How does the tsunami warning system work?

Seismographs can recognize earthquakes or volcanic eruptions - which can cause tsunamis. But only a few large earthquakes cause this size event, so the warning system based only on seismic data is easily alarmed.

Scientists need to add other devices at sea to assist in identification. They include 2 main types: Pressure gauges at the bottom of the sea and tide gauges - sea level monitoring on the coast.

Dart warning system.
1. The receiver at the bottom of the sea measures water pressure every 15 seconds.
2. The float measures surface conditions and sends it with the seabed data to the satellite.
3. Satellite receives data and sends it to ground station.

Ocean Tsunami and Tsunami Warning System (Dart) uses buoys and probes that are located far from the sea.

A pressure gauge at the bottom of the sea will measure the height of the water above it - change the wave height - and send a signal to a float on the surface. This float monitors the surface condition and sends the information it receives - plus data from the sea floor - to a satellite, where they are relayed back to a ground receiving station.

Germany is cooperating with Indonesia in a project to place 10 buoys in this Indian Ocean region. The first two were installed last November. India, Thailand and Australia are also expected to install Dart buoys along the Sunda Trench - the area that triggered the earthquake, triggering the tsunami of December 26 last year.

Tide gauge
1. The tube in the tube will measure sea level.
2. Data is processed and sent to satellite.
3. Satellite data transmission to the alert center.

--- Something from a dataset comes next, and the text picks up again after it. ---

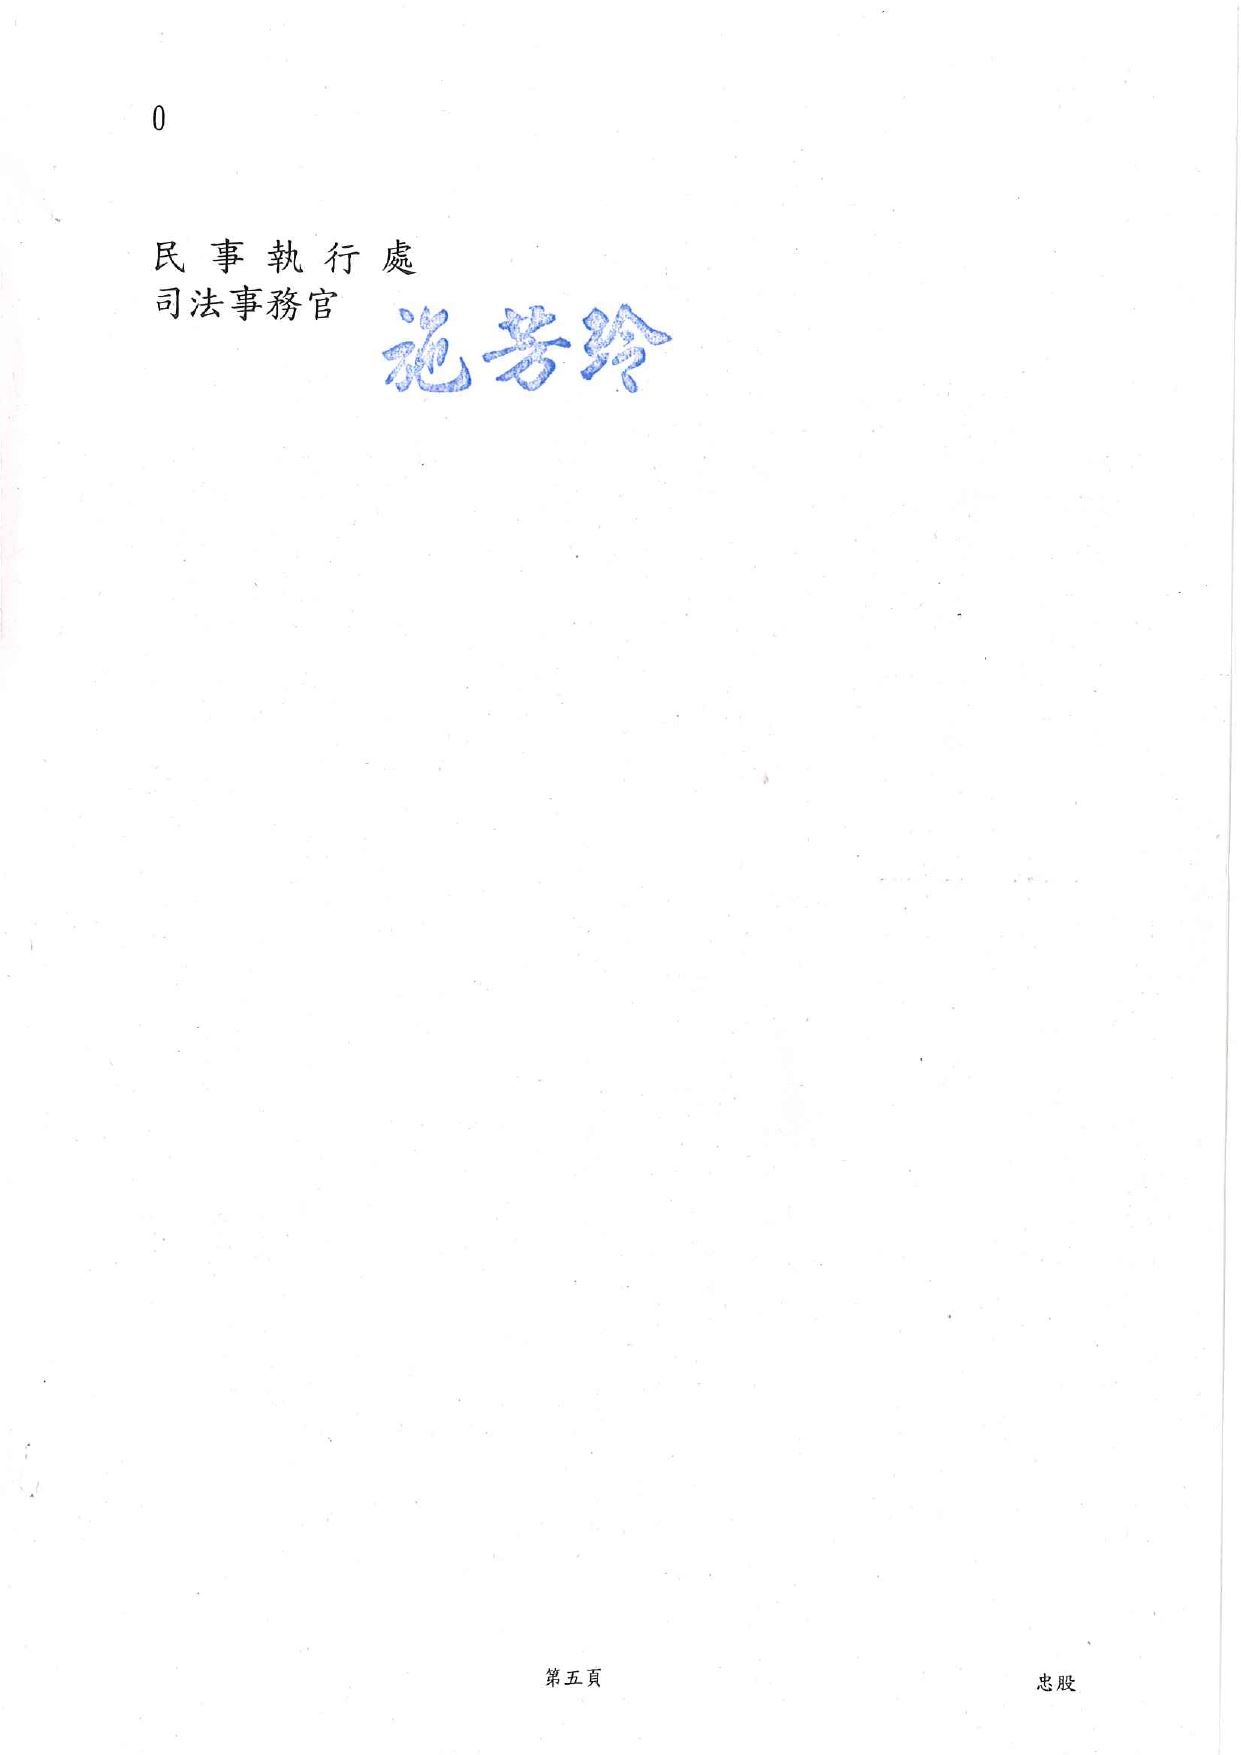 111年10月18日不動產拍賣公告-張志豪_page-0005

The advantage of the Dart system is that it can detect tsunamis far from the sea and have enough time to warn countries in the region. However, the cost of installing and operating buoys is very expensive.

Meanwhile, the UNESCO Intergovernmental Oceanographic Commission (IOC) is focusing on a network of tidal or sea level gauges.

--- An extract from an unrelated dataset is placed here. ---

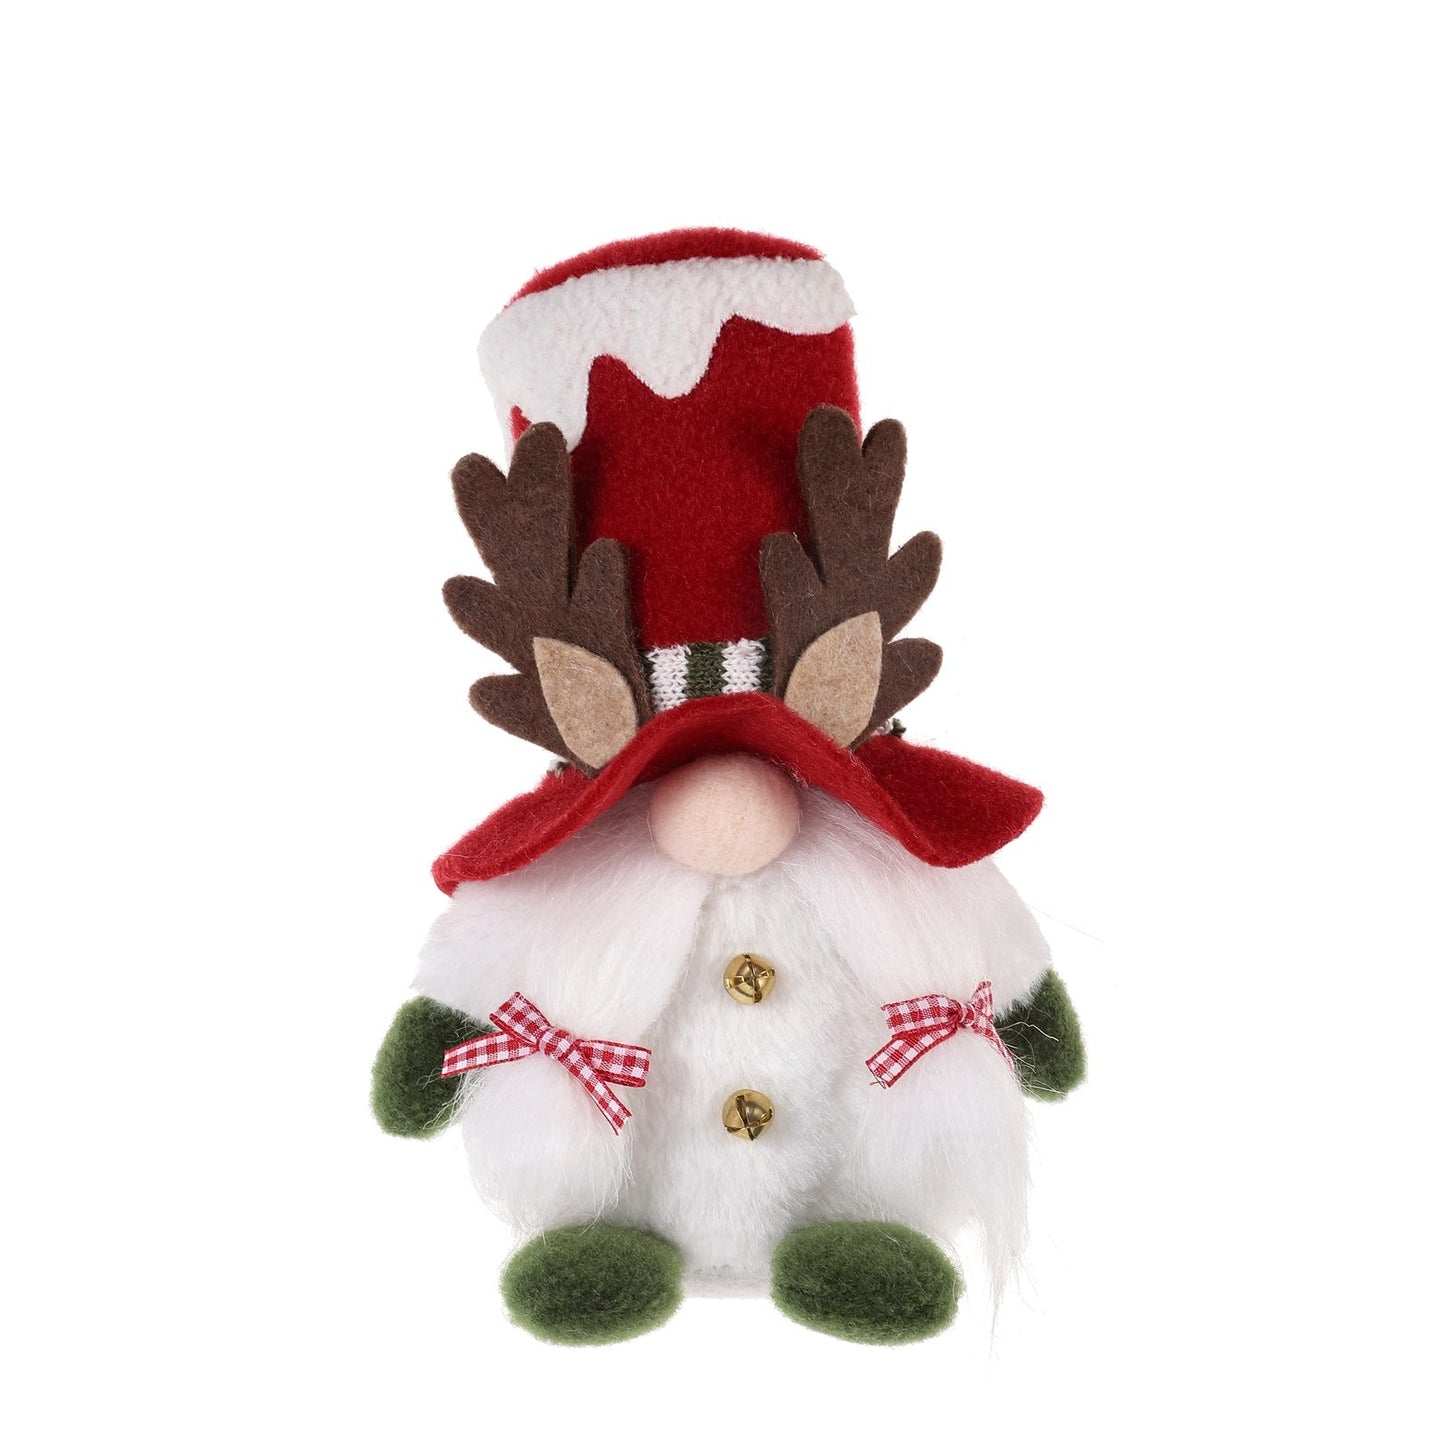 Faceless Dwarf Rudolph Plush Doll Christmas Decorations - TOY-PLU-38902 - YWSYMC - 42shops

Unlike Dart buoys, tide gauges in the Global Sea Level Observation System (GLOSS) are located on land - either on the shores of large continents or on offshore islands. The most basic type of gauge observes the surface of the water with a pipe and float system. More modern designs "shoot" radars or ultrasound waves into the water from above, or use sea floor pressure sensors attached to a surface observation station with a cable.

There are nearly 70 GLOSS stations in the Indian Ocean. Before the tsunami last year, they were used to measure sea level in long-term studies of climate change, and data was only transmitted periodically. But now they are upgraded to send instant information via satellites to newly established national tsunami warning centers.